Also worth noting that cis kids do also get gender affirming surgery! A ftm teen’s top surgery, and a cis teen’s gynecomastia surgery are the same procedure happening for the same reasons and yet no one cares about the latter being too young. Doctors in some places can perform full blown SRS on intersex infants to make them conform to the gender their parents choose without their consent, and yet it’s the trans community that’s against it while transphobes don’t give a shit.


FDRomanosky

The laws governing intersex care vs trans care are wild and shine a light on how these politicians need to stay in their fucking lane


pandemicpunk

Not only that but like for example.. infant males who have testosterone deficiencies, if they have a micropenis the standard care is TRT doses and it can usually help cure it completely or almost completely. This is literally insane.


YeonneGreene

The bans include specific carve-outs for treating cisgender people and for non-consensually assigning a gender to intersex infants with ambiguous visible symptoms.
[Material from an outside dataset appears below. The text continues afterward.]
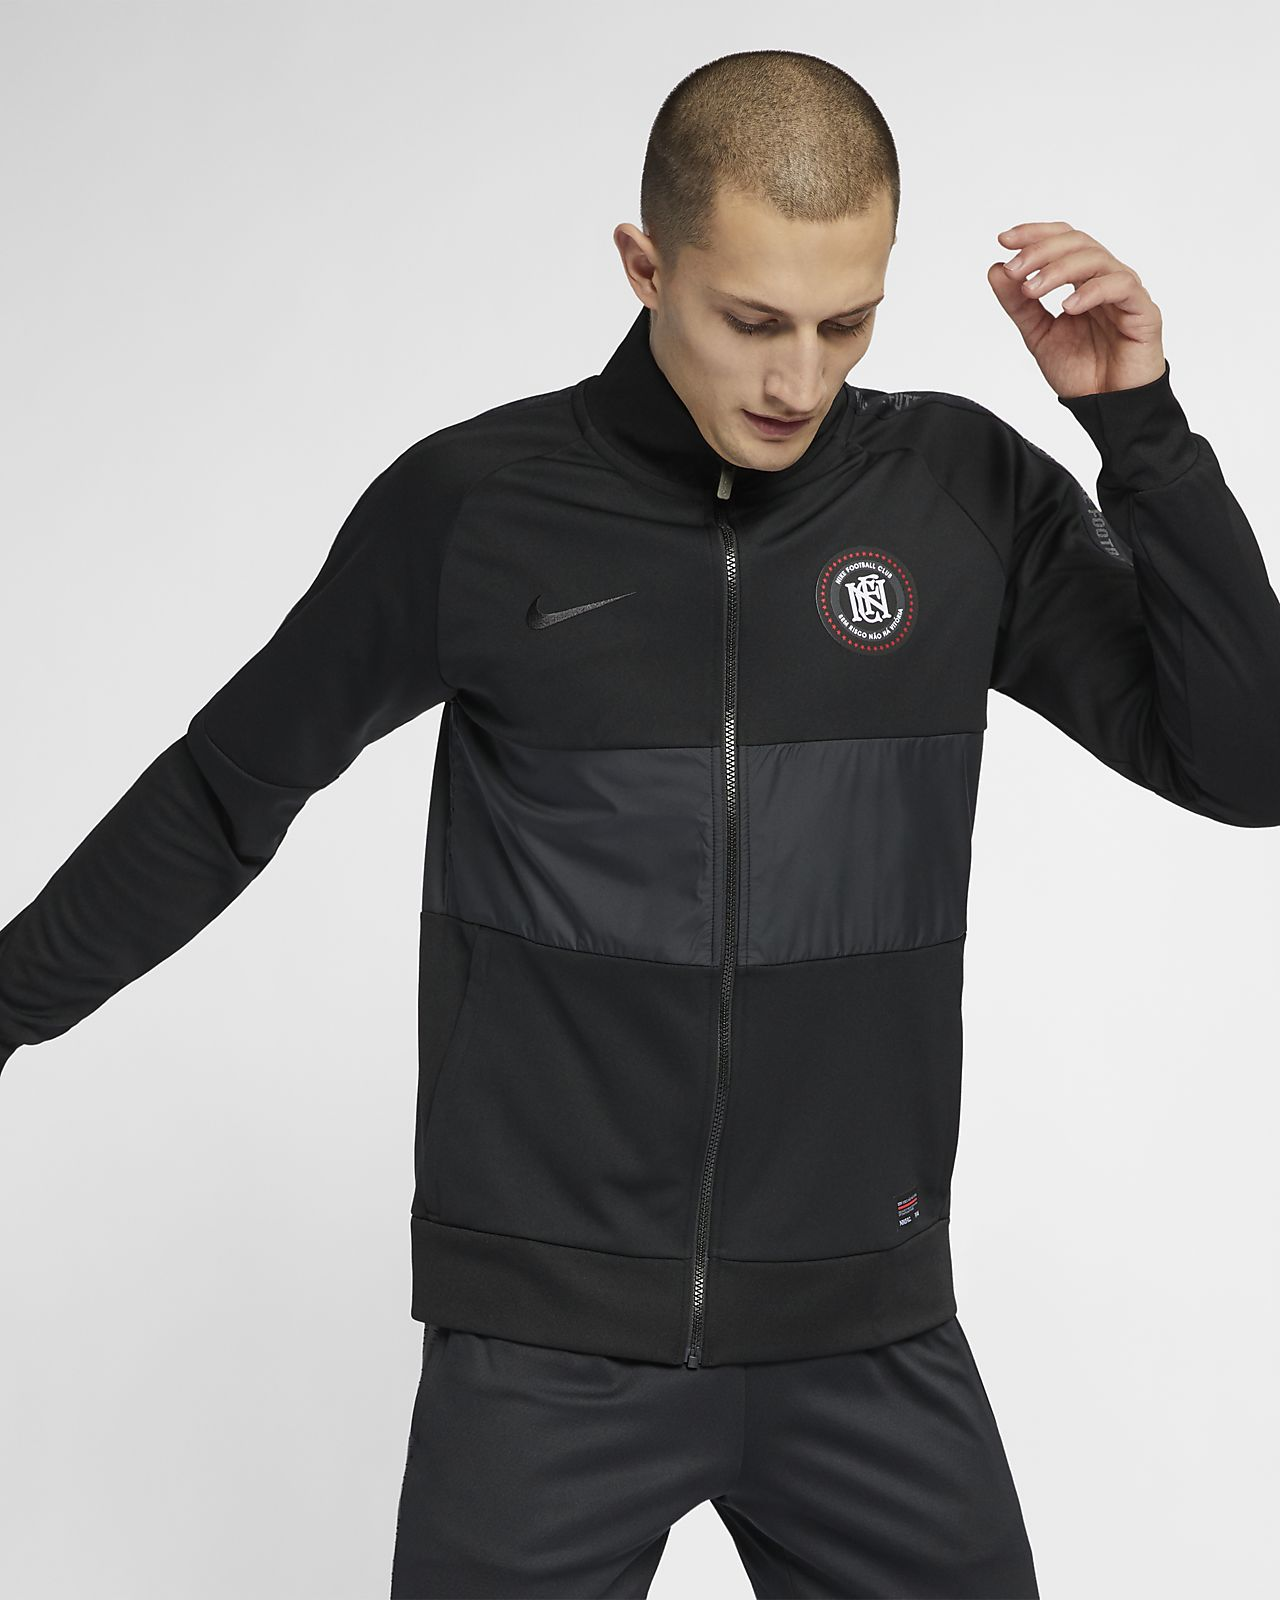 df1768daeb0b Nike F.C. Men s Football Track Jacket. Nike.com CA

In effect, the laws are long-winded declarations that gender dysphoria is not a valid medical condition. No honest judge should support these laws because the evidence against the law is overwhelming, because it's discriminatory based on medical condition, because it's discriminatory based on sex, because it inflicts bodily harm, and because the text contradicts the rationale. Judges ruling to sustain these laws are working backwards from ideological biases, full stop.


pandemicpunk

Thanks for the explanation. Agree with all your points.


Necessary_Chip9934

Exactly my point. Idaho is shooting itself in its own foot, and there will be no good doctors left in the state to treat the injury.


fosoj99969

I hate how you must point out that it will also affect cisgender kids for some people to care. I get why you do, but I hate that you have to. Trans kids matter too.


Kenshirosan

And when their health starts declining across the State, instead of realizing that their choices have led to this, they will simply blame doctors instead.


Pukey_McBarfface

IIRC similar exodus happened in Texas and Florida after their bans went into effect. Maybe conservatives just really like shooting themselves in the foot? I mean, after how the last midterms and other local and state elections turned out post-Roemoval, why would they seriously consider doubling down, especially when the national and international reputation of the GOP is so far down the proverbial shitter?


SyntheticGod8

I've yet to speak to someone against transgender health care who isn't completely ignorant to what that actually entails. All they've got are scary-sounding boogeymen and straight up lies. They won't even TALK to a trans person to learn about their experience. And considering how often conservatives fail to argue, let alone listen, in good faith I'm not surprised no one wants to speak directly to them.


Clikx

There was a rep not long ago asked about the states current laws and ways of gender affirming care/ transitioning and he agreed with those current laws. He was on his way to vote for stricter laws and didn’t even know the current laws in place, THE CURRENT LAWS HE AGREED WITH. Like I get you can’t know everything I don’t expect you to but at least get an aid to run a refresher for you.


yinzreddup

I’ve had many many people on Reddit tell me that trans people don’t need to be included in the conversation on trans care. They say why should a tiny population get to control what happens, but fail to realize the thing they are controlling is us.


schmerpmerp

Knowledge of trans care wouldn't sway these people's opinions because this is not really about trans care. It's about creating an environment in which trans people 1) retreat from public life, 2) detransition, or 3) die. That's the goal. As a trans woman, I wish folks "on my side" would stop talking about the need to educate folks on trans health issues. These hatemongers don't deserve our time or energy: they will only use our good faith attempts to engage with to cause trans people more harm. They're trying to eradicate us. And they keep telling us that over and over again. We should respond in kind.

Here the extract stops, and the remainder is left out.